H & W separated but agreed that they would alternate custody of their 6 yr. old; i.e., 2 wks with W & 2 wks with H. W filed for divorce. W’s atty wrote H and said "Y’all have a 2 wk. schedule which W wants to keep and not disturb the status quo." H then signed a waiver of citation. Yea, you know what’s about to happen. W appears in ct. and the T/C enters a SPO. H files a MNT which is denied. H appeals.
Reversed. Although there’s some question as to whether the Craddock (133/124/2) test should be applied to MNT in a SAPCR, this test applies until the Supremes say otherwise (default should be set aside if failure to answer wasn’t intentional but due to accident/mistake; there’s a meritorious defense; and granting such will not cause delay or injury to the another party). Where there’s a waiver signed, the waiver judgment is treated as a default judgment. W’s agreement to the 2 wk alternating custody schedule, coupled with her atty’s representation that they wanted to keep that schedule and the status quo, was a misrepresentation (fraud) which prevented H from filing an answer (he didn’t intentionally fail to file) and the existence of the custodial agreement gave H a meritorious defense.
Comment - Be careful what you put in those transmittal letters accompanying the waiver you send to the opposing party if you are contemplating a change to the status quo. This case would also apply if you appear before the T/C requesting status quo but the T/C, sua sponte, changes the deal. If the T/C does it, the waiver signer is entitled to notice of the anticipated change. Try to convince a T/C it can’t change the status quo without first advising H of the anticipated change. The T/C will ignore you thus creating reversible error.

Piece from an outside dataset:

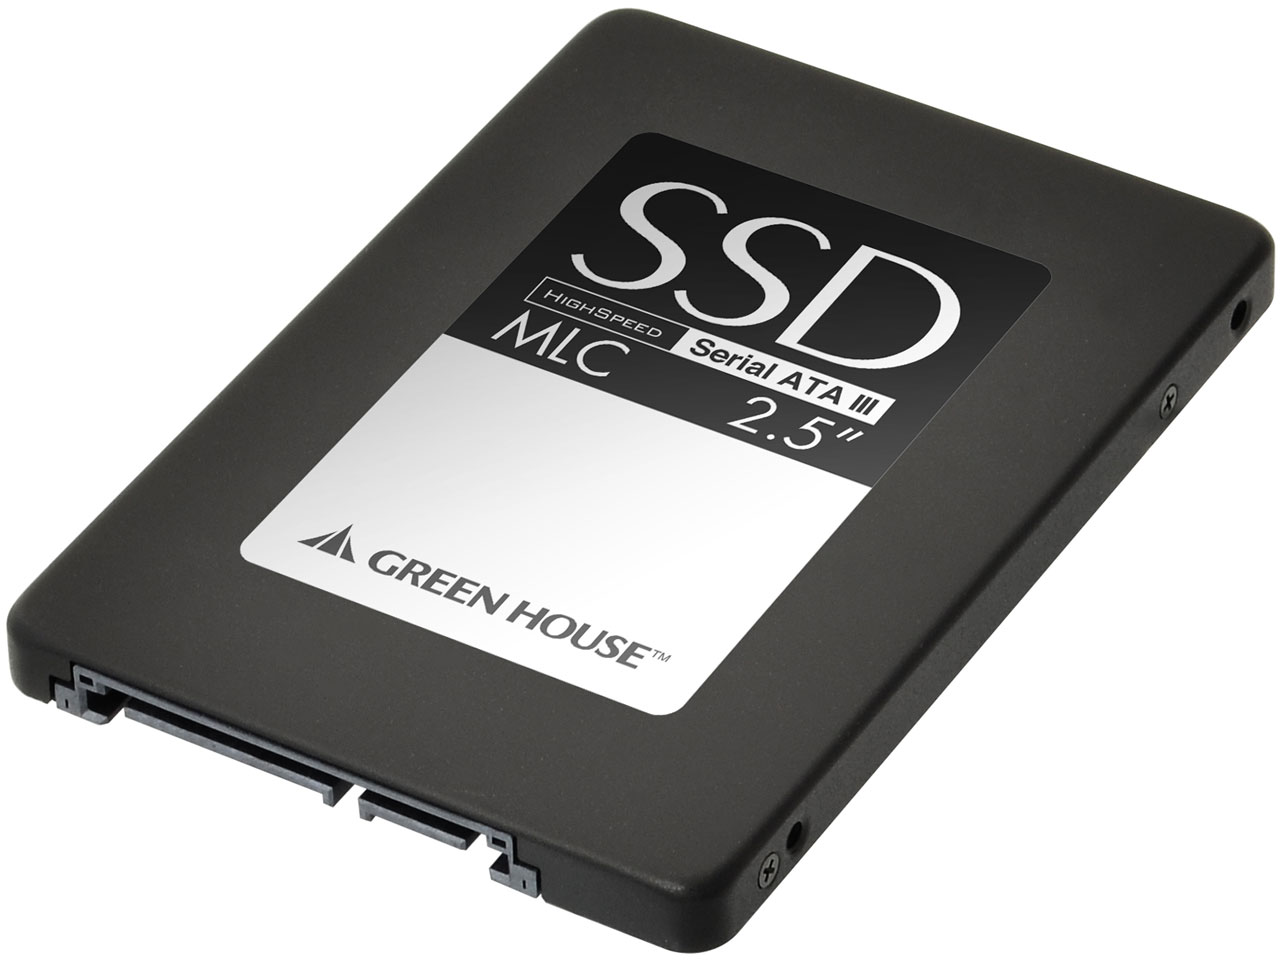 GH-SSD32E120

Divorce filed. The parties signed an irrevocable MSA which resolved all SAPCR and property issues except for a few personal items which the parties agreed would be resolved by the T/C. On 7/2/03 the parties appeared before the T/C and testified as to divorce grounds and the facts surrounding the disputed personal prop. No mention was made of the MSA terms other than H & W asking the T/C to accept the MSA. The T/C resolved the personal prop. issues and said "your divorce is granted." The T/C didn’t approve the MSA. Apparently no decree was signed. On 7/3/03 (one day following the ct. hearing), H bought a lotto ticket and ultimately won $2,000,000. A year later W filed for a trial setting claiming that there was not a valid divorce rendition made on 7/2/03 thus the $2,000,000 was community property subject to division. H filed a motion to enter judgment (I assume H hired a new atty as his 1st one dropped the ball a year earlier) and the T/C signed the decree on 6/25/04. W appeals.
Affirmed. The T/C rendered it judgment on 7/2/03. W argued that you can’t grant a divorce without dividing the property or making SAPC orders which the T/C never did. The CA agreed that this is the law; however, where there is a irrevocable MSA, there is no requirement for the T/C to find the MSA is "just and fair" or in the child’s "best interest" as the parties’ MSA is binding on the T/C. This is true even under the new amended §153.0071 (e-1) as no one raised the issue of "best interest" or family violence. When the T/C said "divorce is granted," it automatically included the MSA provisions into the divorce rendition.
Comment - Talk about a day late and $2,000,000 short.
W filed for divorce and her atty H was served with citation. H didn’t file an answer so W obtained a default divorce and property division. H filed a MNT claiming insufficient evidence to support the T/C’s property division which was denied. H filed an appeal and then promptly died. H’s appeal requested that the case be remanded for re-trial.
CA affirmed. Altho the Supremes in Dunn (439/830/2) and the El Paso CA in Turner (910/500/2) correctly state the law that the death of a spouse during the appeal of divorce property division doesn’t render the appeal moot if the divorce division significantly affects the deceased’s property rights, this property appeal is moot. H failed to file an inventory, he failed to file an answer and he didn’t request any fact findings on the property division. This being the case there is nothing in the record by which the CA can find that the T/C’s property division significantly affected his property rights.
Comment - I’m not sure this opinion is correct as I can’t see how a non-participating deceased spouse could ever show that his property rights were significantly affected by the divorce division. Maybe that’s the law. You default and the property division is based on the surviving spouse’s property testimony, your death makes any appeal moot as you can never carry the significantly affected burden.